→ What the task asks
How do the lines read from the one holding "Eve Lom Cleanser and Rescue Mask" through the last line of the listing? Set them down exactly, pictures omitted.

→ Supplied material
=-=-=-=-=
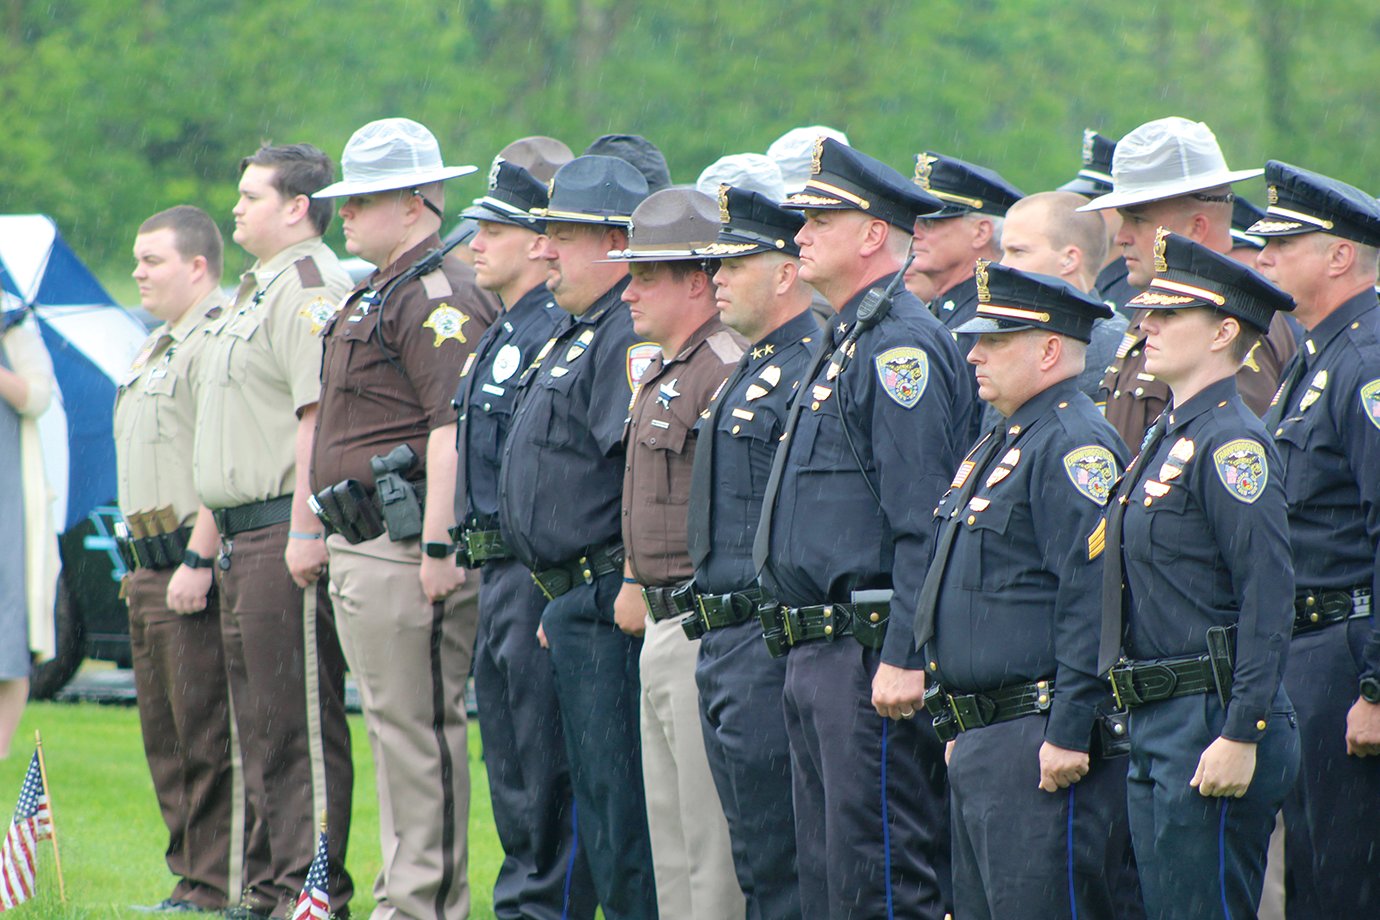 Officers and deputies from all branches of Montgomery County law enforcement honor the lives and service of fallen officers Lt. Russell Baldwin, Marshal Lesley Oaks and Marshal Mark Clapp Wednesday at Oak Hill and New Richmond cemeteries. The annual event has become a opportunity for county residents to honor all men and women who have paid the ultimate sacrifice for the public
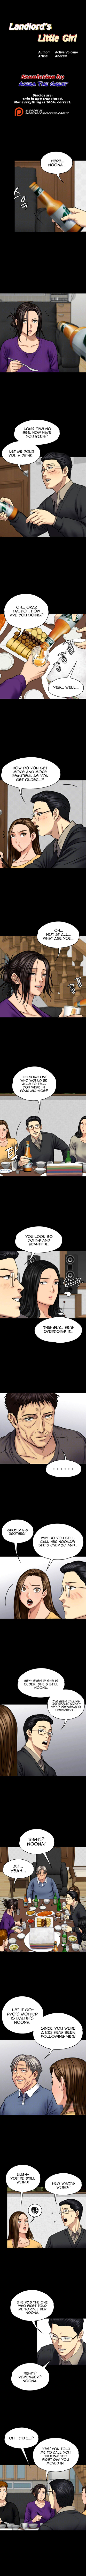 Panel Image 1 for chapter 101 of manhwa Queen Bee on read.oppai.stream
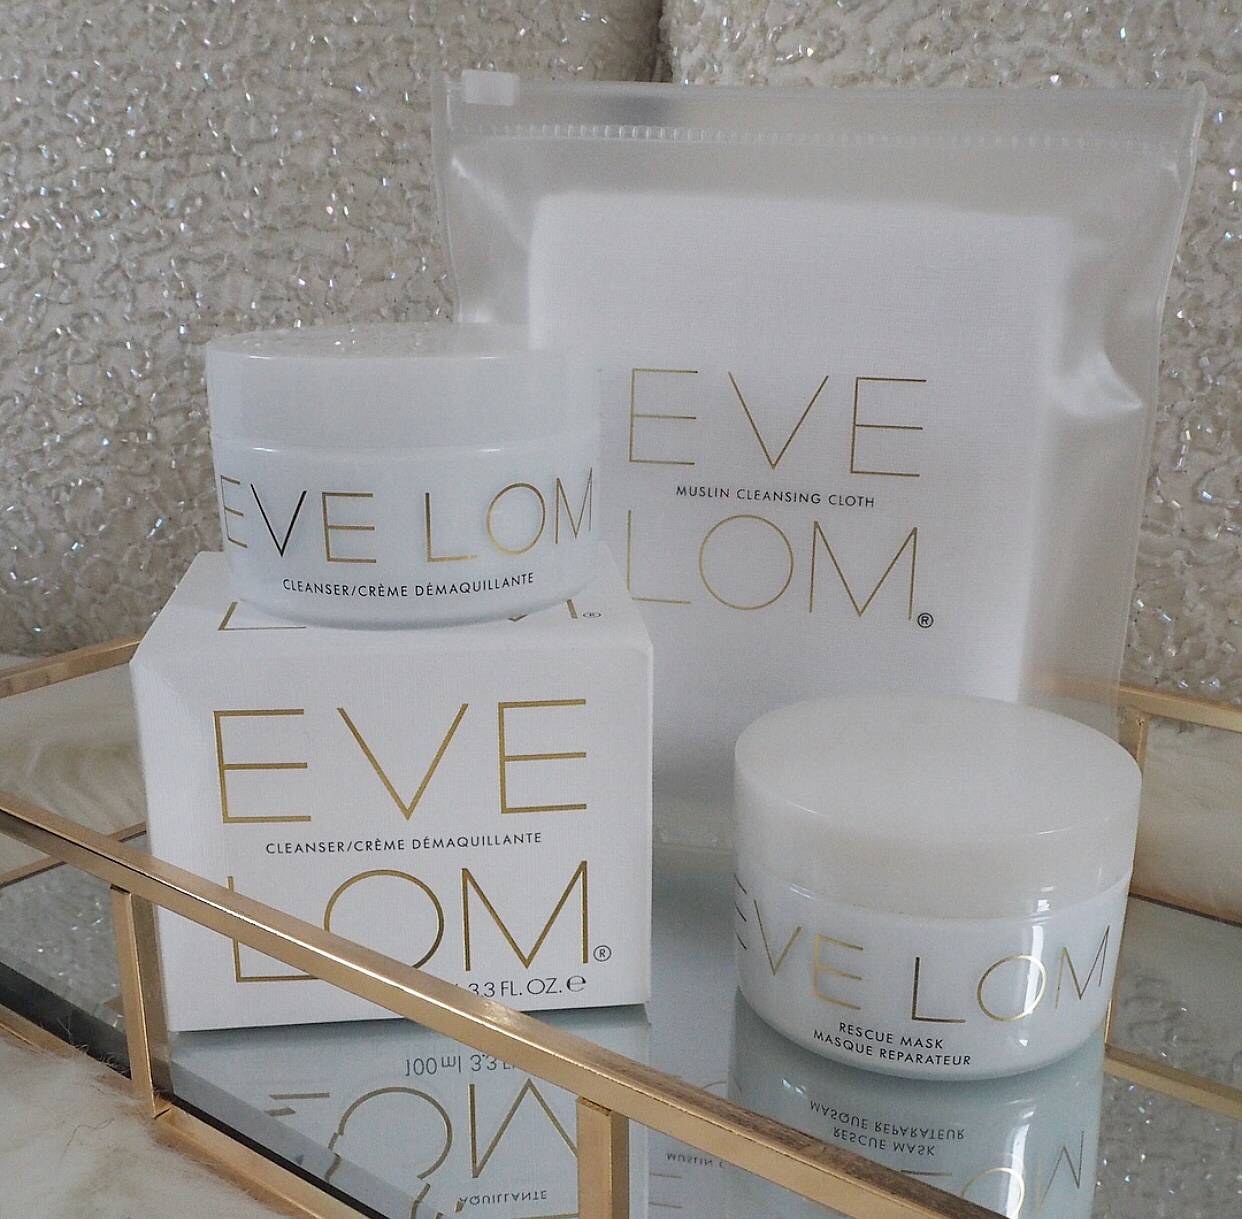 Eve Lom Cleanser and Rescue Mask
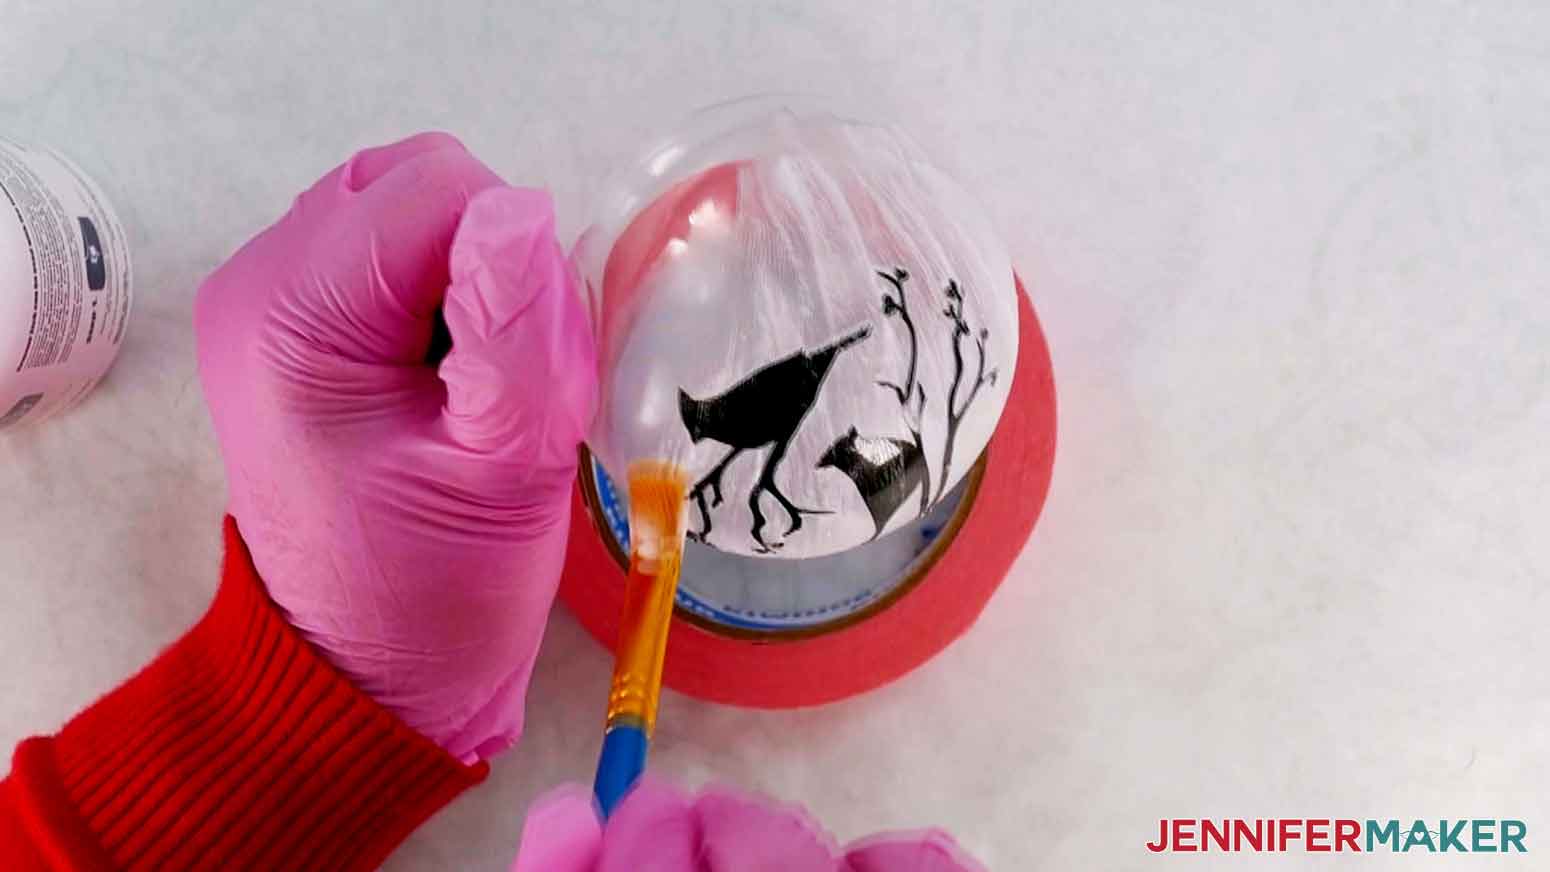 Etching cream being applied with a brush to a glass ornament with a black vinyl cardinal stencil attached
=-=-=-=-=
→ Task answer
 Eve Lom Cleanser and Rescue Mask
 Etching cream being applied with a brush to a glass ornament with a black vinyl cardinal stencil attached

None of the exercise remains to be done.